Thursday, 1 April 2010

In Bradford

We went to Bradford this afternoon, and saw a lovely exhibition at the Media Museum. Simon Roberts travelled around England for six months with his wife and child, taking photographs of landscapes with people doing stuff in them, from hill-walking to sun-bathing in their socks, mud-racing to hood-chasing, celebrating a birthday to playing golf in the shadow of a power station. It all felt so, well, English, indeed the show was called We English. Like a mirror held up, I found I didn't know how strongly I knew what that meant until I looked into his great big panoramic pieces and saw so much that was so deeply familiar.

I must also tell you that the almond slice and decaff latte in the cafe were to die for.

I was less moved, slightly shocked by the work of Robbie Cooper. His show, entitled Immersion, fetaures full-face images of children and adults immersed in front of screens, watching TV, or playing computer games. The intense energy racing through the bodies of all these people, especially the gamers, almost entirely channelled into their facial muscles, otherwise just a few arm movements, or a slight bouncing, made me feel overloaded somehow just looking at them. Longing for some kind of discharge. The isolation of these activities, and the unconsciousness of so much that is going on in them, I found really quite disturbing.

And this afternoon, hail stones bouncing about outside in the sunlight! Good Friday tomorrow and we shall go to see the Pace Egg Play. I'll put you in a link tomorrow to an amazing piece of film of this ancient local 'mumming' type play being performed in the '60s. We shall also lay in stocks of food, as you do, for the Bank Holiday weekend. Tonight it's rare breed pork chops from the freezer, and a lovely bottle of tempranillo.

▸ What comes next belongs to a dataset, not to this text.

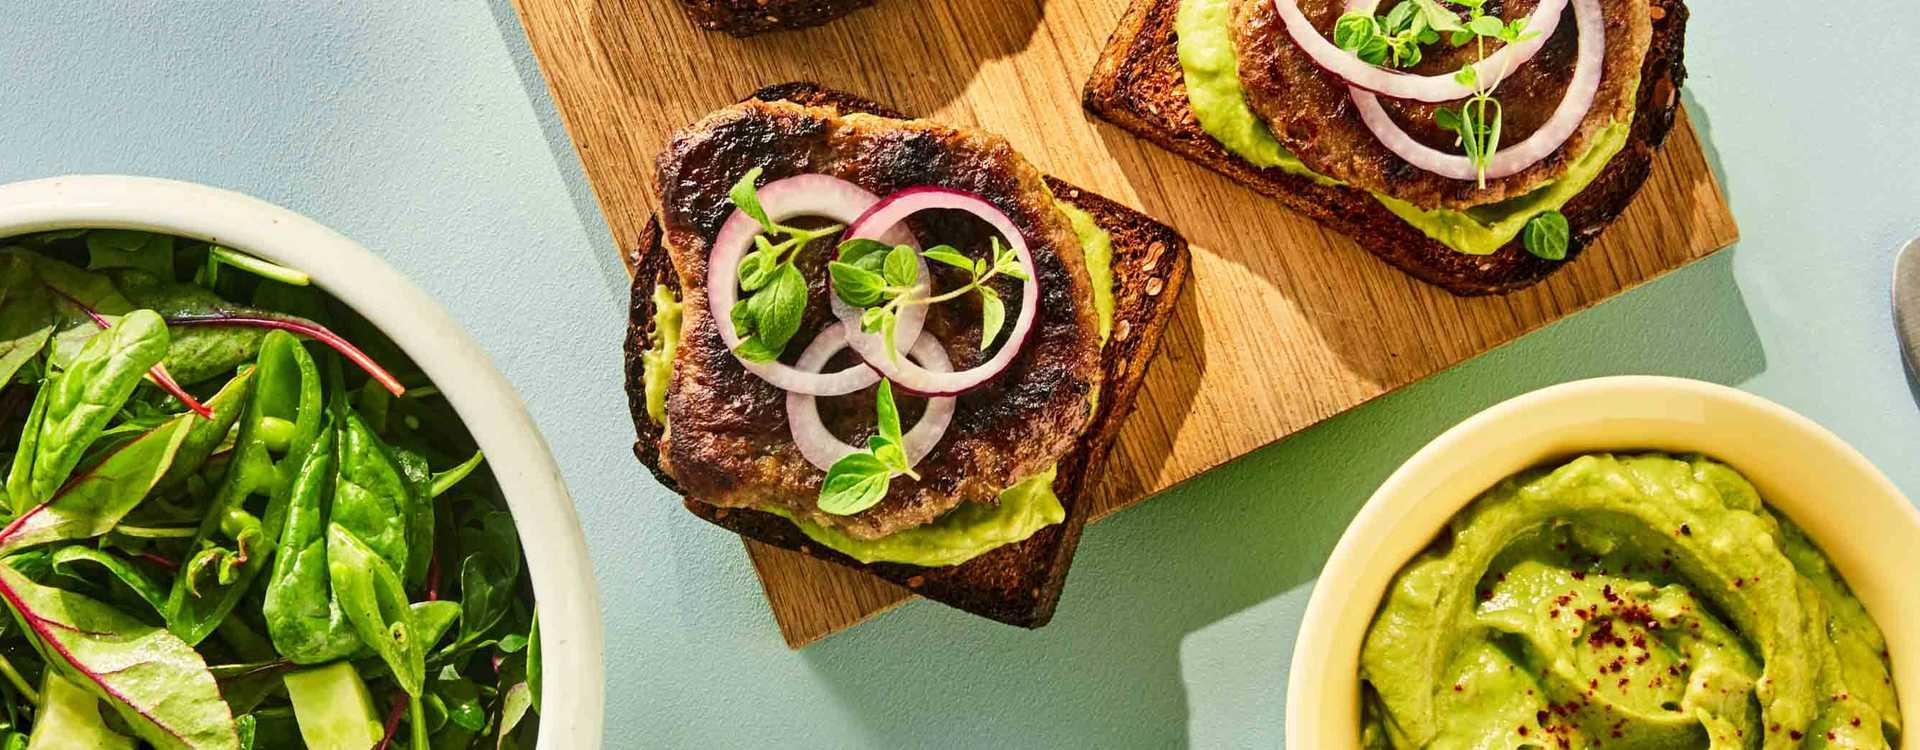 Karbonadesmørbrød med avokadomos og salat

Going to exhibitions is good for me. So much better than working, which I seem to have opted out for for a while, as it's the school hols... Looking at photographs - good ones anyway - makes me see the world afresh. I sat on Tyrrell Street in Bradford, eating a tuna and cucumber sandwich, while L was opening an ISA at the building society on Hustlergate, and enjoyed light and shadows. Bradford is steep with imposing Victorian buildings, sometimes a bit evocative of gothic German public buildings, and so there's lots of shade in the steep narrow canyons between them in places. And lots of people of many sorts to watch. Windy too, so the temperature as well as the light kept changing. Then I had to go and buy chocolate. One shop I went into called itself a 'smoking shop', and it didn't have chocolate, so I only stayed long enough to see some teenage girls being shown a large bong from the window, excitedly saying 'yes, that's the one'. In a Turkish newsagent's I bought a Twirl. They had pistachios on the counter, and a tank of fish with a submerged plastic skull sunk into the gravel.

2 comments:

Reading the Signs said...

Wondering if they had this song in the pace egg play. I used to belt out the chorus - blowed if I can remember where or when, but an ex- Steiner school child picks things like this up.

Happy Easter

Fire Bird said...

Absolutely! Yes, they close with this, and then take hats round for donations. It was terrific yesterday on Friday... I'm delighted anyone's heard of Pace Egging and I will put that link up later!!